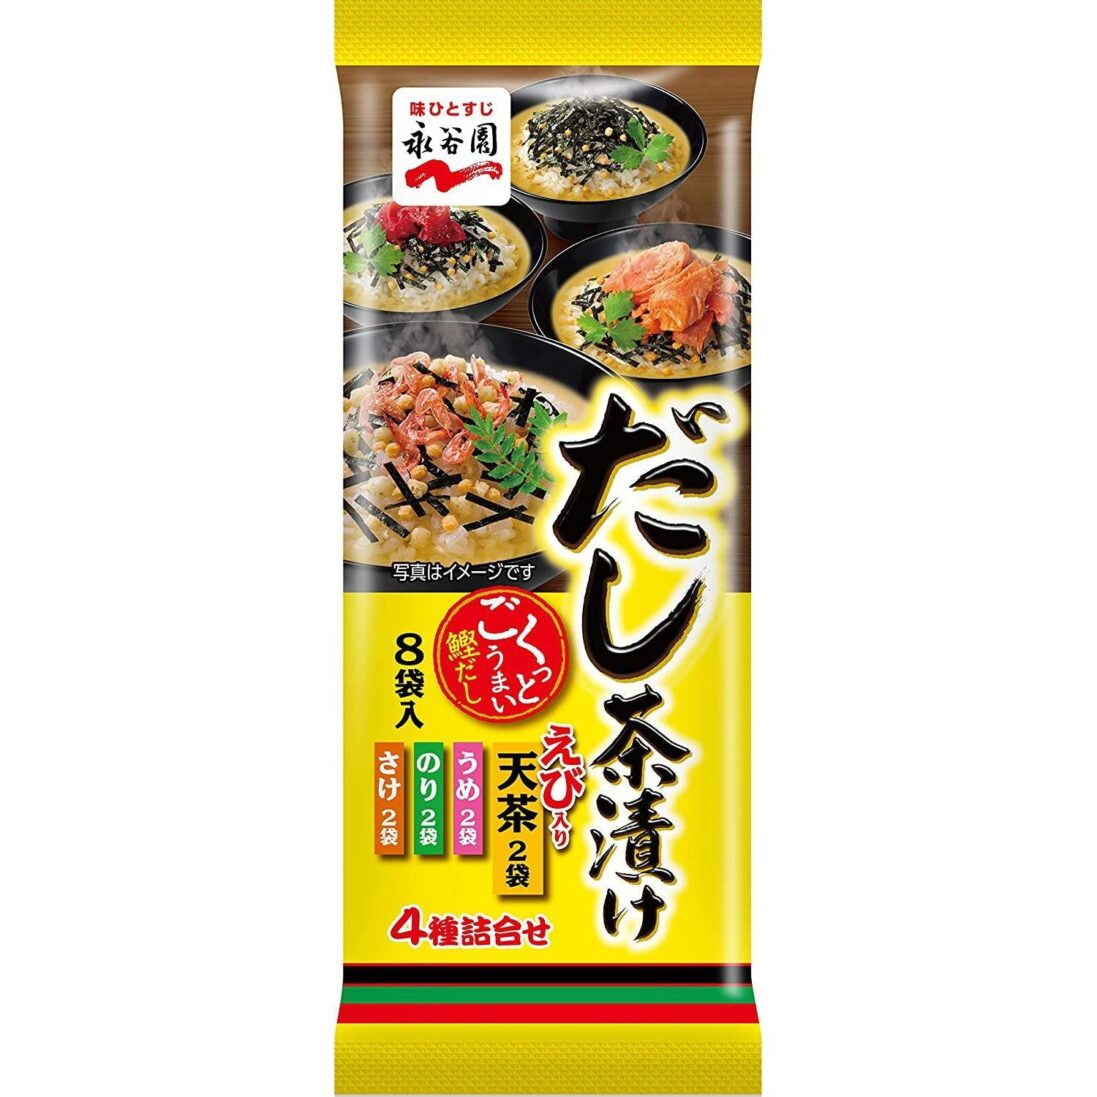 Nagatanien-Dashi-Chazuke-8-Servings-Japanese-Taste_2048x.jpg
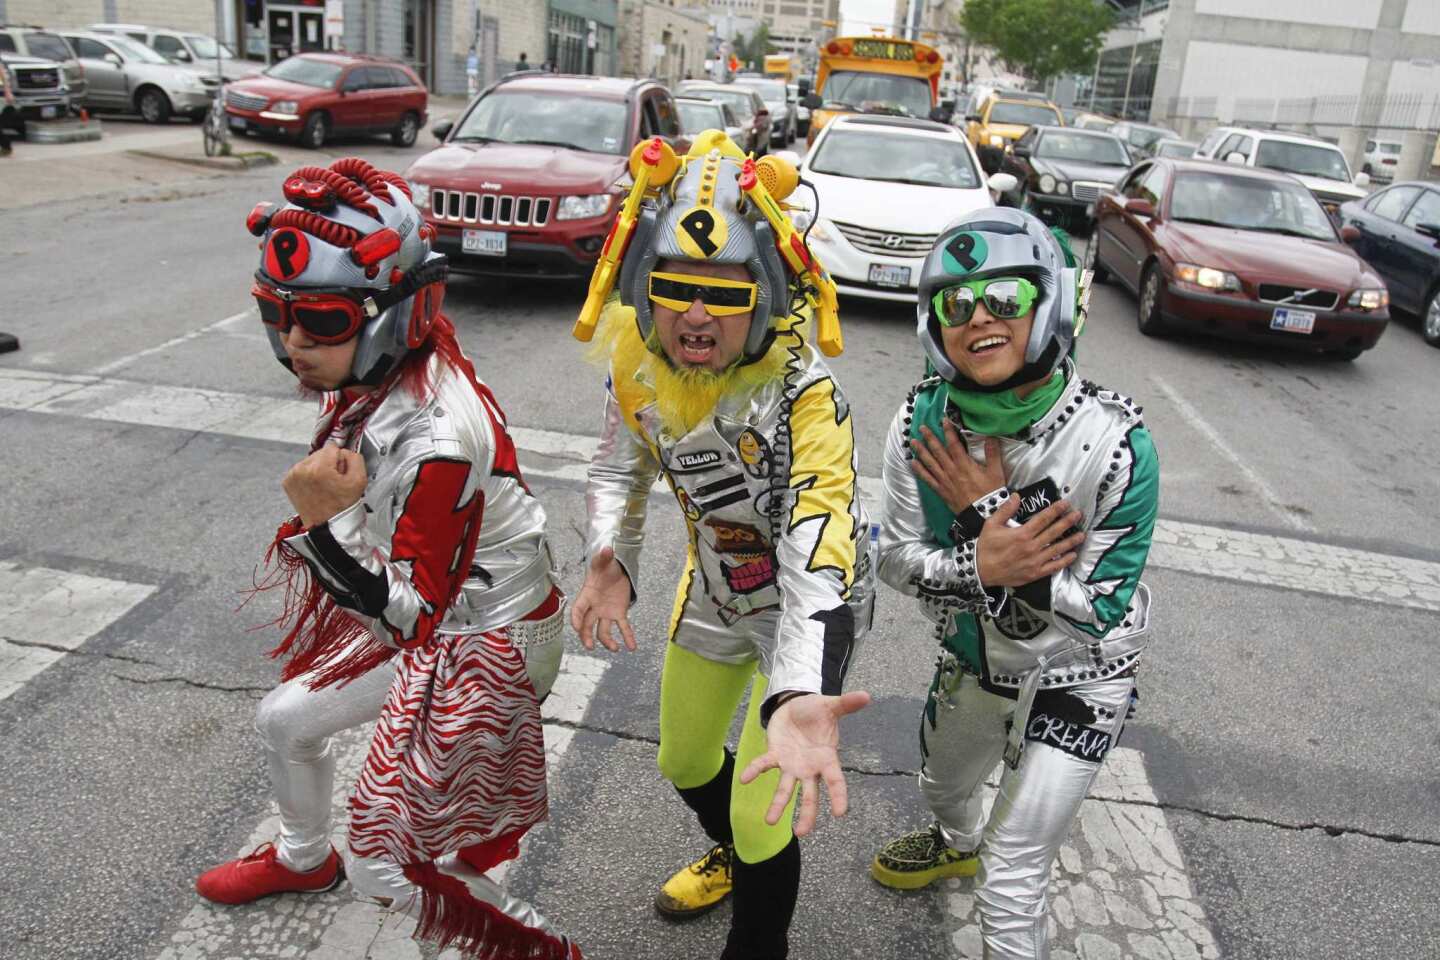 Members of Peelander-Z, from New York via Japan, stop to pose in a crosswalk in downtown Austin, Texas.
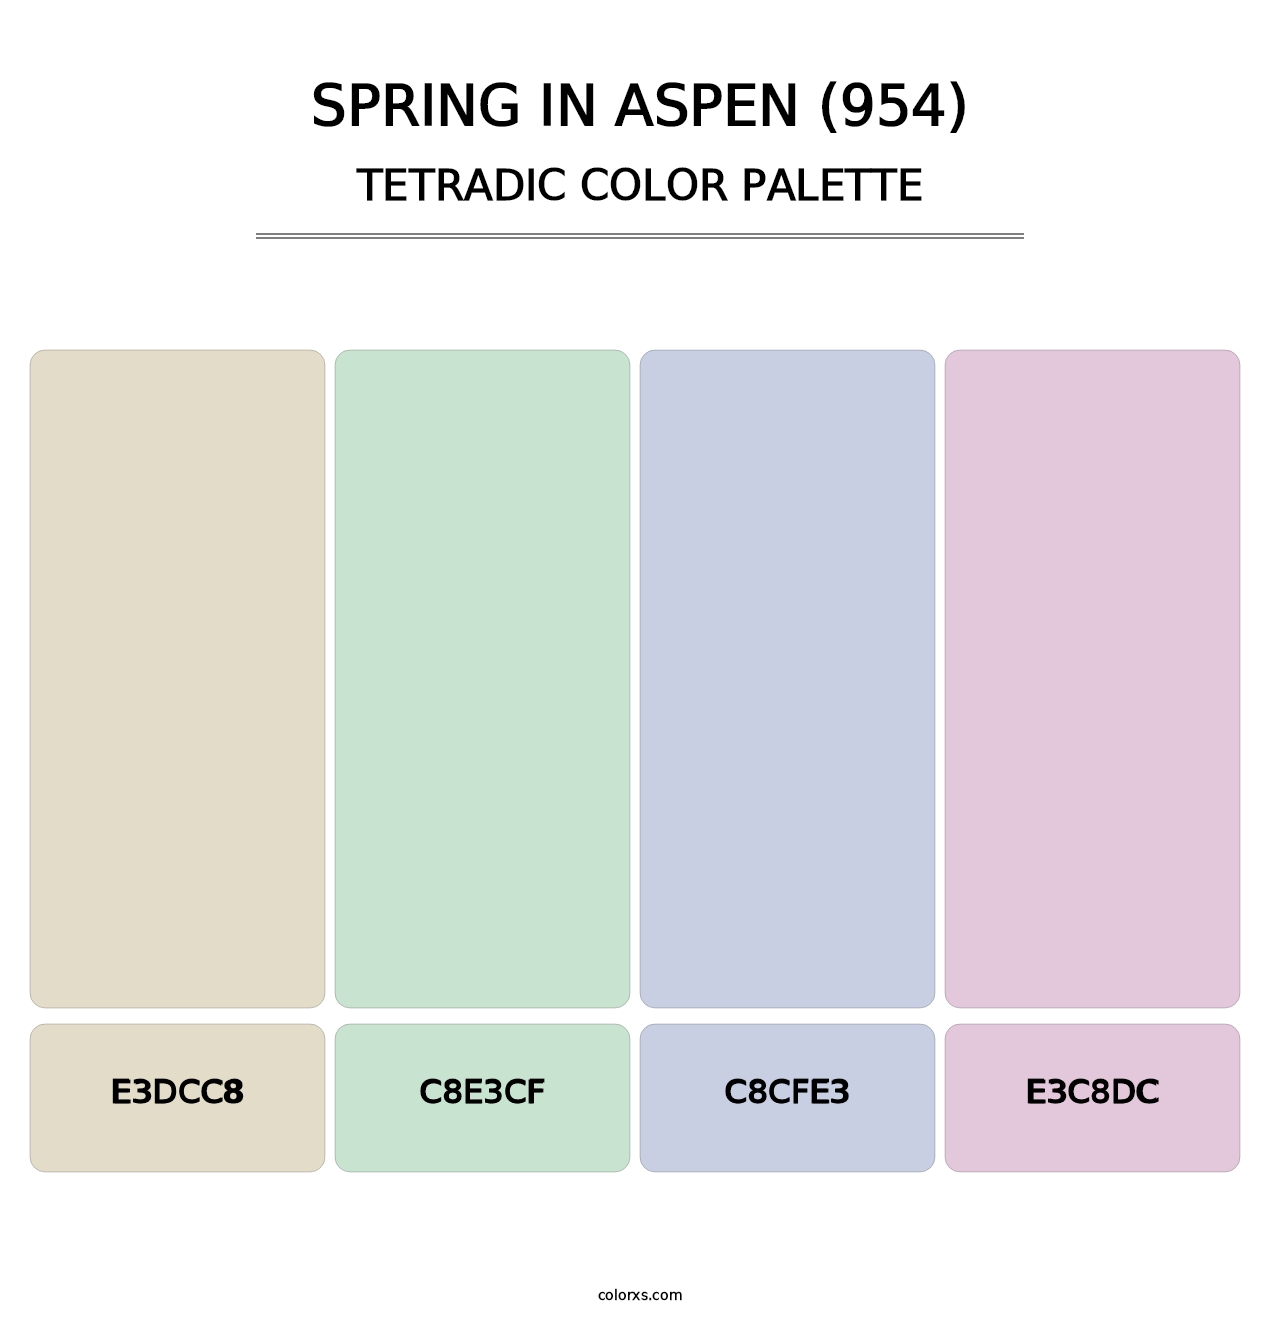 Spring in Aspen (954) - Tetradic Color Palette

--- --- ---

* [ASSIGNMENT] Leaving the pictures aside, transcribe the entire listing exactly.

* [EXERCISE OUTPUT]
 Nagatanien-Dashi-Chazuke-8-Servings-Japanese-Taste_2048x.jpg
 Members of Peelander-Z, from New York via Japan, stop to pose in a crosswalk in downtown Austin, Texas.
 Spring in Aspen (954) - Tetradic Color Palette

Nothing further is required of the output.